Where is the business?

The directors of these three companies are more than clear: the banking business can be built in another way, based on lower operating costs, simpler products and services designed based on the analysis of the behavior of each client.

Information becomes an extremely relevant input to design increasingly personalized financial products.

Nu: look for the excluded and understand their behavior

Armando Herrera, general director of Nu in Mexico, comments in an interview that the key to his business is to go after all those people who still do not have access to the financial system, analyze their behavior and offer them valuable products to gain their trust, a key element in the banking business.

“The business is based on generating financial inclusion. We do not fight for the same clients, we seek to broaden the base. When we provide access for the first time in a simple way and use technology to convey its efficiency as a value for clients, the target market expands substantially.”

Before, he points out, a person received a 500 peso bill and managed to pay his debts or saved; Now, with technology, people can organize their expenses; That’s where the data comes in.

“The little boxes allow customers to think about the future. These changes in habits generate long-term loyalty on which this transactionality allows us to see data and these allow us to build a tailored credit suit.

“When someone puts their boxes and says ‘bicycle’ as the title and another person says ‘wedding’, we are already seeing two different purposes. When we see the frequency with which they are making the effort to save, we are seeing what the capacity of disposable income is. And we add that to millions of data and we have the ability to grant credit to those who cannot obtain it.

“Being the first to grant access, giving visibility to people, creates a very strong emotional bond. Millions of people who are Nu customers did not simply decide to download a appthey chose a route in which they have control of their finances on their cell phone.”

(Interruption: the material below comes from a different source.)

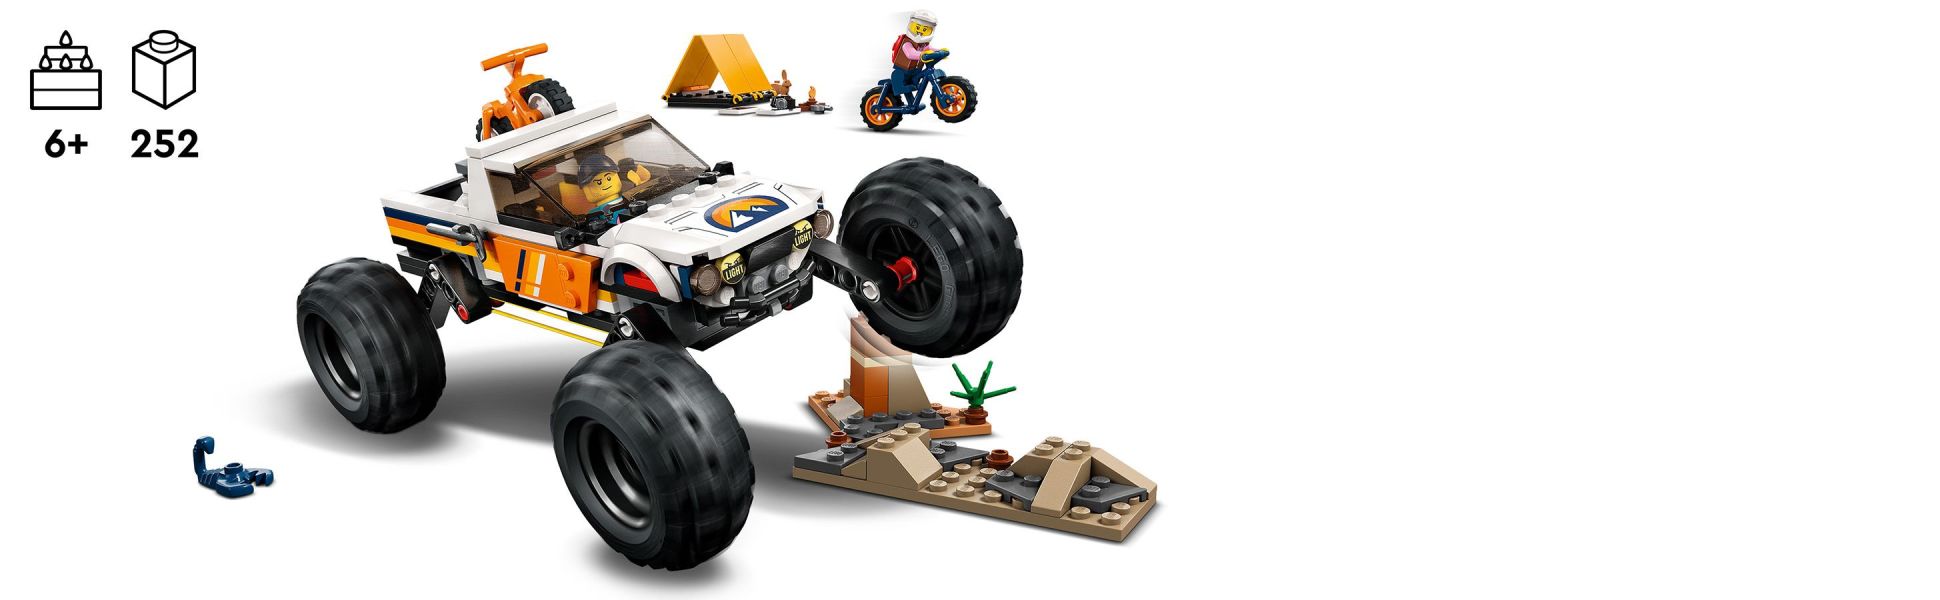 Style LEGO City 4x4 Car Minifigures, Bikes, - for Vehicle 60387 Toy 2 Ages Including Off-Roader Working Mountain Toy 6+ with Kids Camping Adventures Monster Truck Building and Set Suspension

Revolut: a superapp to make custom suits

Juan Guerra, CEO of Revolut, mentions that, in addition to data, the key to its success has been intense marketing campaigns and the integration of countless solutions in one “superapp” .

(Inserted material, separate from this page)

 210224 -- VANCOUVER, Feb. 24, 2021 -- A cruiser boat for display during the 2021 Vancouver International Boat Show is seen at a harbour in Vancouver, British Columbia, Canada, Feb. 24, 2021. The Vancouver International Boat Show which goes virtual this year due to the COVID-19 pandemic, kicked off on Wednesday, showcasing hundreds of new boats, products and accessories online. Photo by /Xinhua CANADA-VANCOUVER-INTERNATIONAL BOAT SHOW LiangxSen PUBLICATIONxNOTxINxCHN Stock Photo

“Data management is very important, but also offering more products, in our case services such as currency purchases, international shipments and monthly subscriptions. The different services we offer allow us to monetize in different ways.

“That gives us a certain resilience, and it gives the customer many reasons to use us and recommend us. Some of the new players are quite bold in their offers. We can offer a wide range of products and services and have many attractive offers.

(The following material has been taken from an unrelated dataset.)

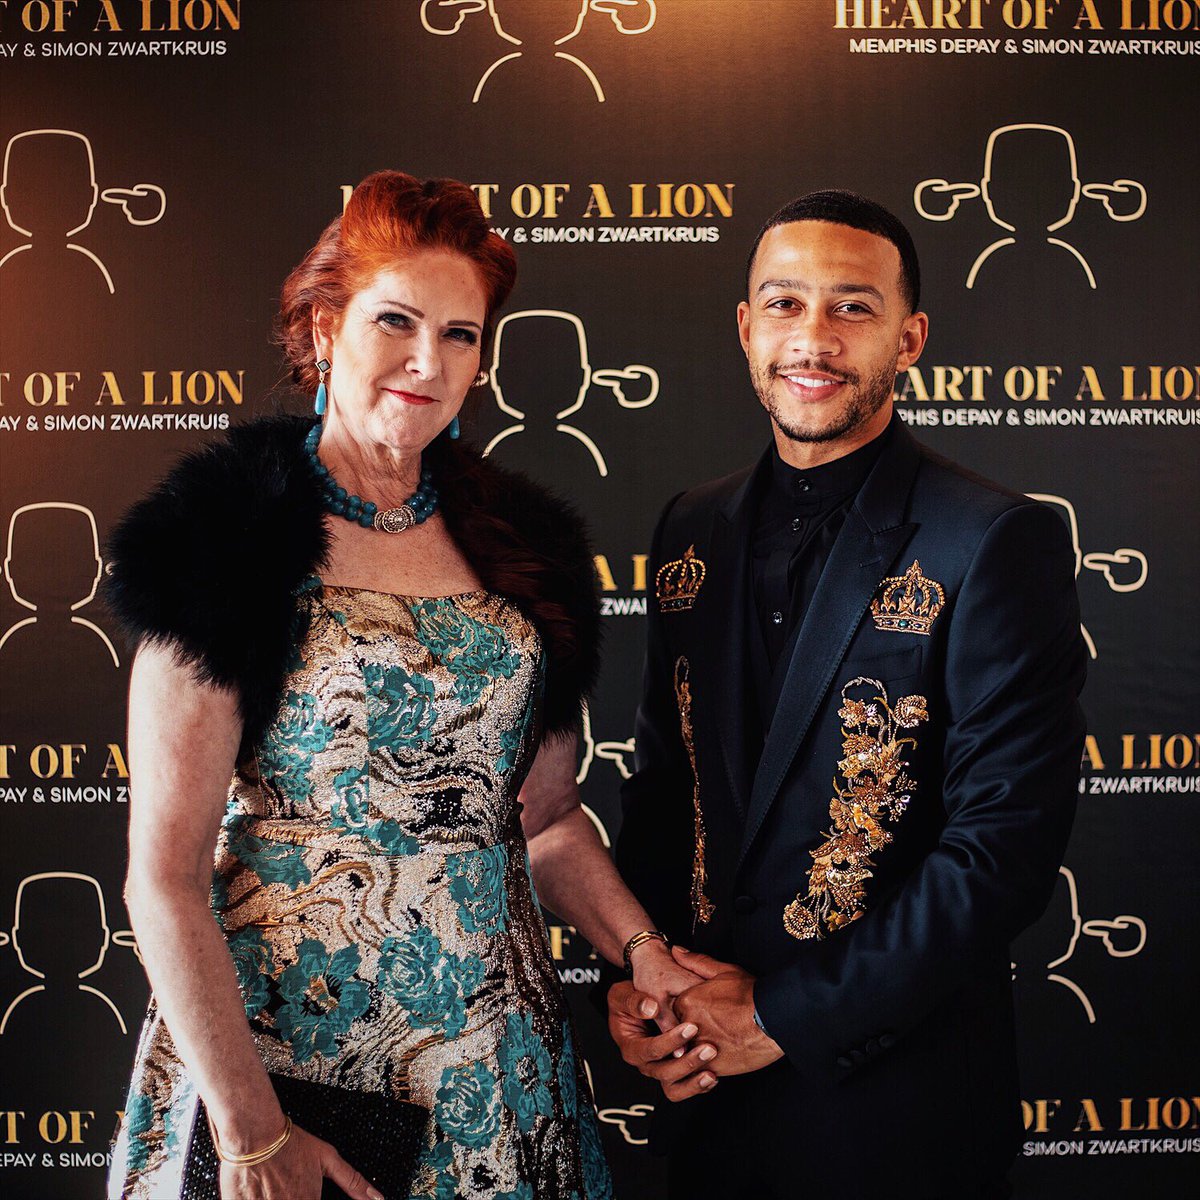 Memphis Depay on Twitter: "Me and my Mom at the 'Heart Of A Lion' book  launch on Tuesday. If you read my book you'll see why she's such an  inspiration to me

“The use of data allows us to serve clients that would be unaffordable for others and make them more targeted offers… Not having physical infrastructure is perhaps a more important factor in the business; on the other hand, in countries where there is relatively little trust and little digital penetration, a lot has to be spent on marketing so that people trust when they are not seeing you in a building.”

Mercado Pago: creating a financial ecosystem

Pedro Rivas, general director of Mercado Pago, details that the business is about generating an ecosystem. This consists of digitizing small businesses so that they accept cards and have solutions that allow them to know their inventory, encourage digital payments among consumers, offer a good savings product and thus scale.

“The cost for a company like Mercado Pago to put together the entire technological platform is high, but once you have it, it is incredibly efficient to provide better quality services to users.

“We have made a very conscious commitment to digitize small and medium-sized businesses, and once businesses start operating with our terminals, a win-win is generated, because they start to sell more and we can start to get to know them a little better, and based on this transactionality we can offer credits.

“It’s much cheaper to do something much better. You reach more people and you also attract others.”